We awoke to the gorgeous plains (and thus now radically different landscape) of Mongolia complemented by a stunning orange sunrise. We could occasionally see Gers (the circular felt tents of the traditional nomads) popping up every now and then as well as cattle and herders themselves in the most random/isolated of places.

After passing what we were told was a 'Ger suburb' oustide of Ulan Bataar, we finally pulled into the capital itself at about 8:30AM.

It is a charming city because of its people and history even if the infrastructure itself appears to be in rubble. We checked out their 'State Department Store' which was pretty desolate on the first floors with much more upkeep and activity on the top floor where all the Mongolian souvenirs are sold.

Lunch included the dish that would recur many times over on our visit: Mutton. This time it was in the form of a stew. We also had Mongolian tea, which really more like hot milk with a little salt. Both were quite palatable and shockingly (for us European travelers) cheap. -- around $4 USD for lunch for the two of us.


With our group came the luxury of planned transfers. This one involved taking us to a more remote section outside of Ulan Bataar where we would spend one night under the stars in a felt ger tent ourselves and meet a few of the local nomads. On the way, we managed to ride camels (they are in fact used here for their hair, milk and transport) and Andy held a white-tailed hunting eagle, a descendent of a more famous local hunting eagle, and this one we were told had recently killed many rodents and 'beavers' that winter.

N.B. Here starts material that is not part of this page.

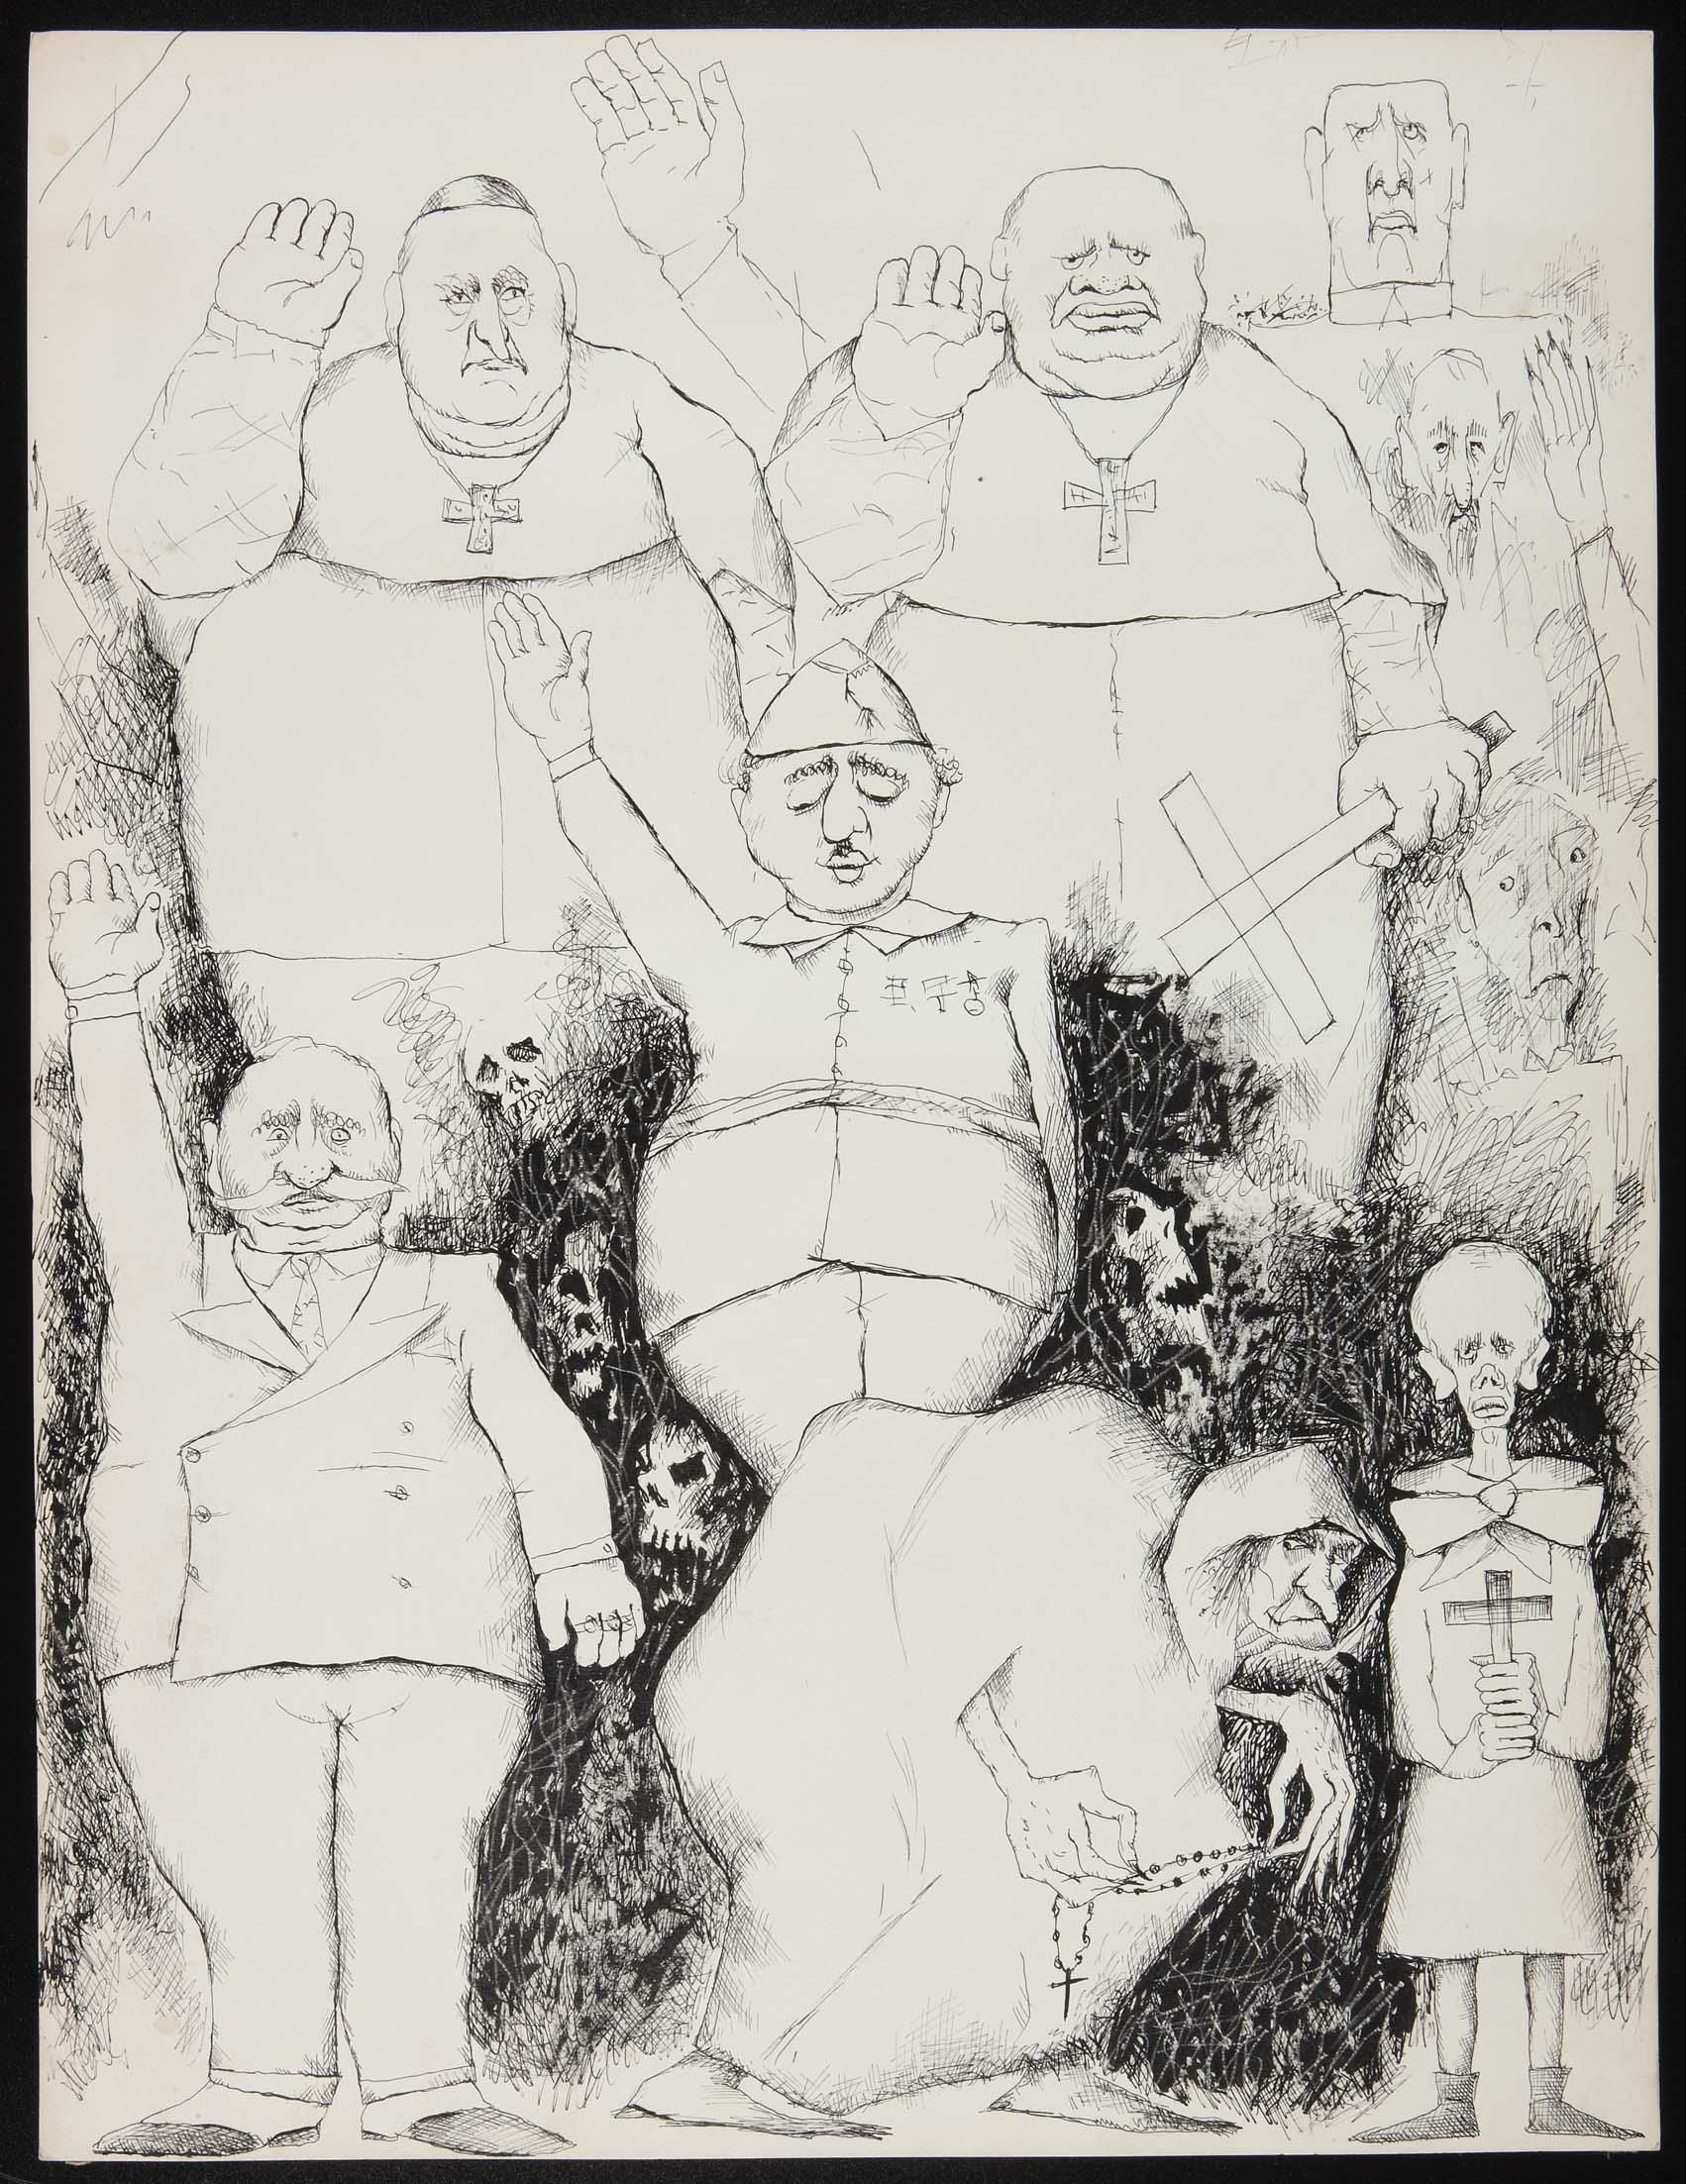 Dibujo de Luis Quintanilla de la serie La España negra de Franco

We met a nomad family, but in this case, use the word "nomad" loosely since their winter camp was a mere 50 feet away, but they still said they wouldn't trade the outdoors, fresh air and milk for anything else. We sampled a staggering array of cheese, cheese curds, milk, and milk products. Even snuff. Some of the curds were quite nice but there were a couple that the sour scale was off the charts and practically inedible for us. The next day we also tried "Airag," which is the famous traditional fermented mare's milk. Two in our group loved it, but we and Andy in particular had a hard time keeping it down, especially attempting to drink the entire bowl offered him so as do as his hosts. He was just praying he wouldn't give the ultimate insult of it coming back up and onto on the floor! Truth was, we'd drink the regular mare's milk anyday -- it was quite full and refreshing.

There was also a "mock" Nadeem festival --- archery, trick horseriding and Mongolian wrestling with the last man standing doing the eagle dance, the Mongolian equivalent to a WWF Smackdown victory dance.

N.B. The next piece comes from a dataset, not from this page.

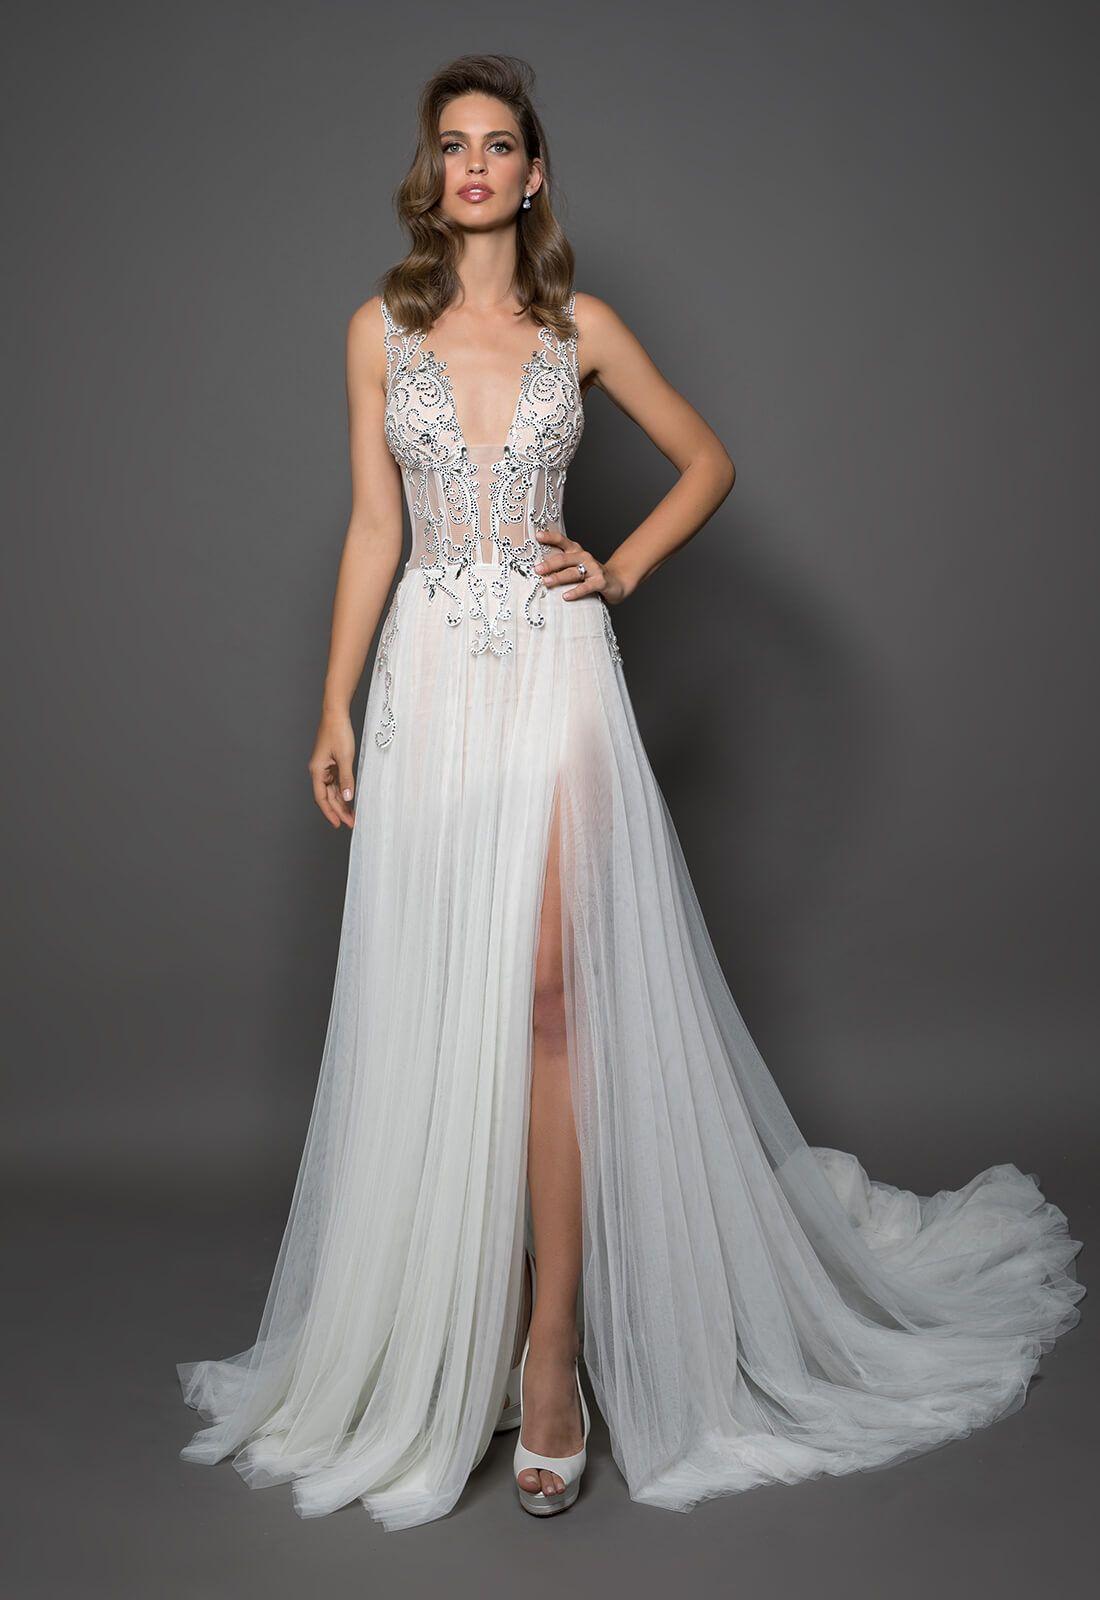 Sleeveless vneck sheath wedding dress with crystal corset bodice

Horse riding was a highlight although Andy's at one point got rebellious and stuck his head into a boulder crevace and wouldn't budge for several minutes. The guide freed him and said he does that sometimes with foreigners, not Mongolians. Sarah got a similarly difficult horse, but at the end she traded with the guide's and immediately it took off on a full gallop. The only thing the guide was afraid about was the clothesline tether ropes which were quickly approaching. What would prove to be more fatal than the ride for Sarah would be the mounting itself, during which the entire back seam of her pants ripped wide open almost as if in a Three Stooges movie.




Back in Ulan Bataar the next day, we went to a crazy market where we were countlessly warned about brazen pickpockets who would work in teams to grab your arms while another went in for your pockets. So, after leaving all our valuables at the hotel, the only suspicious activity we found was a veiled woman with 5 young men around her following Andy closely from behind. When he stopped to let them pass, they all did a U-turn and scurried. They would have only gotten about $10 USD anyway.
The final leg of the Trans-Mongolian is tomorrow. Ulan-Bataar to Beijing, China. A two/three day journey that will take us through the heart of the Gobi desert and a border crossing where they actually lift the train carriages and change the wheels underneath to fit the more narrow Chinese tracks.

The train leaves to traverse the Mongolian steppes at 8am.